Center for Precision Genome Editing and Genetic Technologies for Biomedicine.
Group of Genome Spatial Organization, Institute of Gene Biology, Russian Academy of Sciences, Moscow 119334, Russia.
Bioinformatics. 2020 Nov 1;36(17):4560-4567. doi: 10.1093/bioinformatics/btaa555.
The application of genome-wide chromosome conformation capture (3C) methods to prokaryotes provided insights into the spatial organization of their genomes and identified patterns conserved across the tree of life, such as chromatin compartments and contact domains. Prokaryotic genomes vary in GC content and the density of restriction sites along the chromosome, suggesting that these properties should be considered when planning experiments and choosing appropriate software for data processing. Diverse algorithms are available for the analysis of eukaryotic chromatin contact maps, but their potential application to prokaryotic data has not yet been evaluated.

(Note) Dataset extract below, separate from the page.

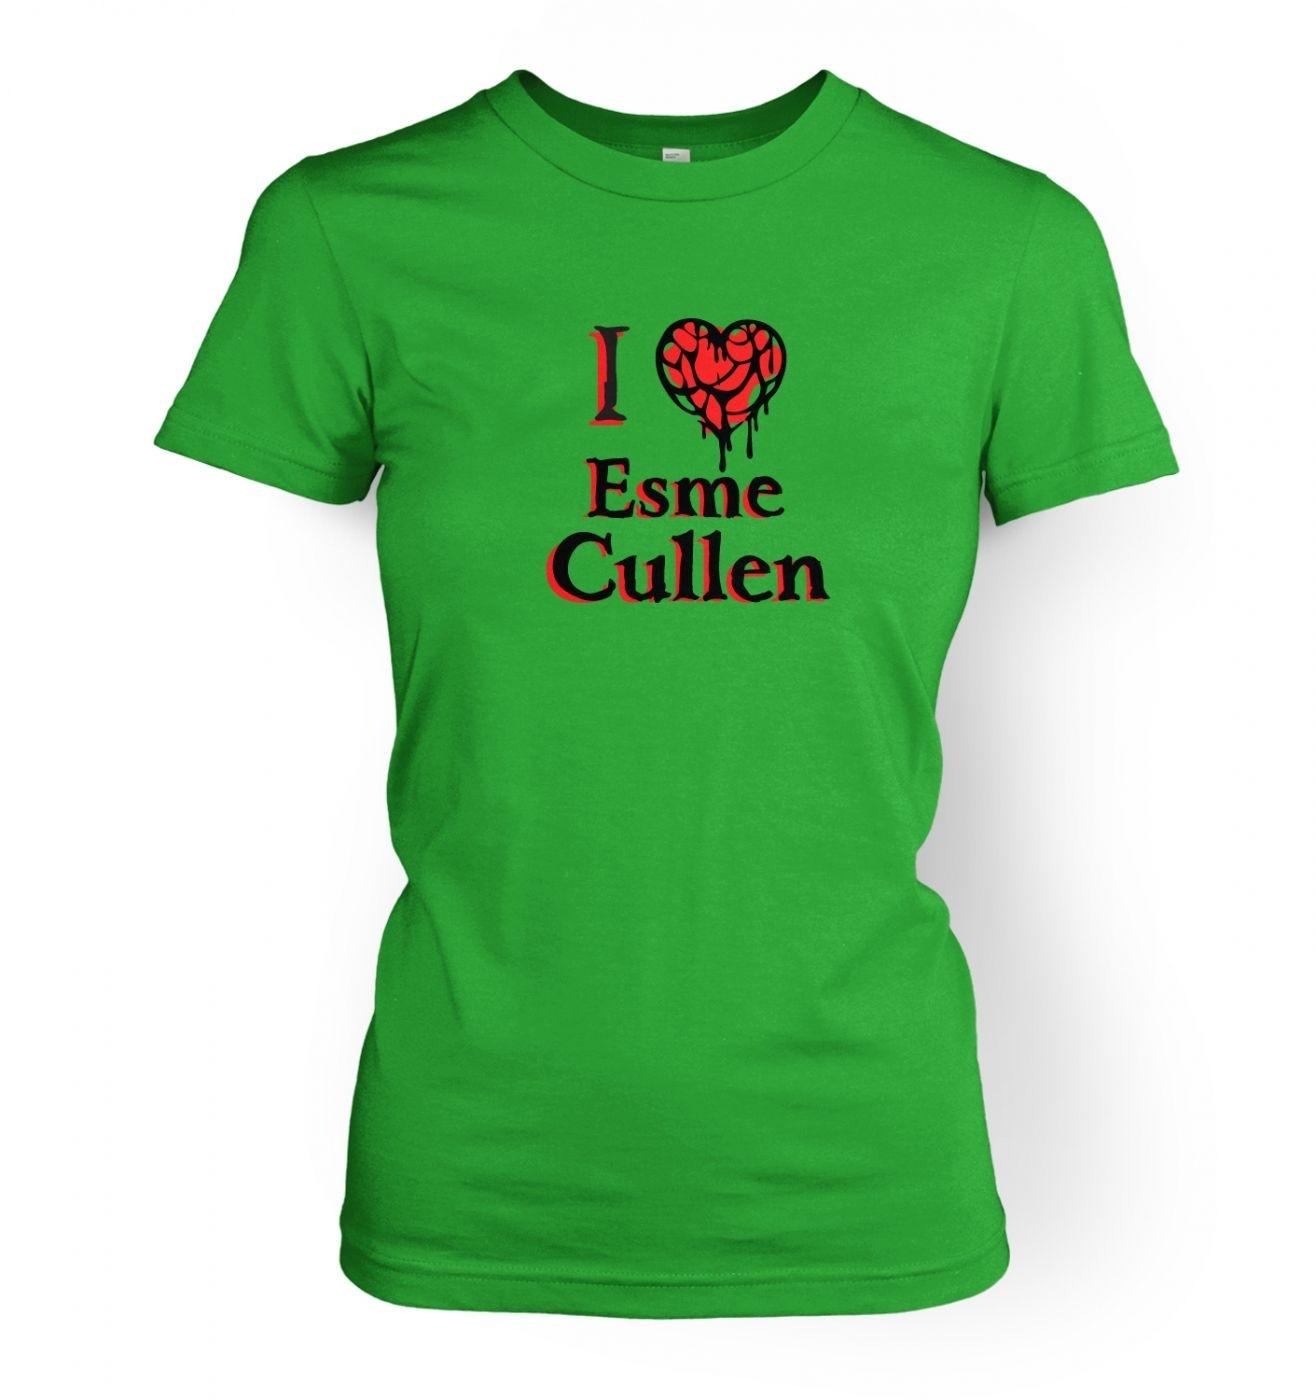 I heart Esme Cullen women's fitted t-shirt

Here, we present a comparative analysis of domain calling algorithms using available single-microbe experimental data. We evaluated the algorithms' intra-dataset reproducibility, concordance with other tools and sensitivity to coverage and resolution of contact maps. Using RNA-seq as an example, we showed how orthogonal biological data can be utilized to validate the reliability and significance of annotated domains. We also suggest that in silico simulations of contact maps can be used to choose optimal restriction enzymes and estimate theoretical map resolutions before the experiment. Our results provide guidelines for researchers investigating microbes and microbial communities using high-throughput 3C assays such as Hi-C and 3C-seq.
The code of the analysis is available at https://github.com/magnitov/prokaryotic_cids.
Supplementary data are available at Bioinformatics online.
将全基因组染色体构象捕获(3C)方法应用于原核生物,深入了解了它们基因组的空间组织,并确定了跨生命之树保守的模式,如染色质隔室和接触域。原核基因组的 GC 含量和染色体上限制酶位点的密度存在差异,这表明在规划实验和选择适用于数据处理的软件时,应考虑这些特性。有多种算法可用于分析真核染色质接触图谱,但它们在原核数据中的潜在应用尚未得到评估。
在这里,我们使用现有的单微生物实验数据对结构域调用算法进行了比较分析。我们评估了算法在数据集内的重现性、与其他工具的一致性以及对接触图谱覆盖率和分辨率的敏感性。我们使用 RNA-seq 作为示例,展示了如何利用正交生物数据来验证注释结构域的可靠性和显著性。我们还建议,可以使用接触图谱的计算机模拟来选择最佳的限制性内切酶,并在实验前估计理论图谱分辨率。我们的结果为使用高通量 3C 测定法(如 Hi-C 和 3C-seq)研究微生物和微生物群落的研究人员提供了指导。
分析的代码可在 https://github.com/magnitov/prokaryotic_cids 上获得。
补充数据可在《生物信息学》在线获得。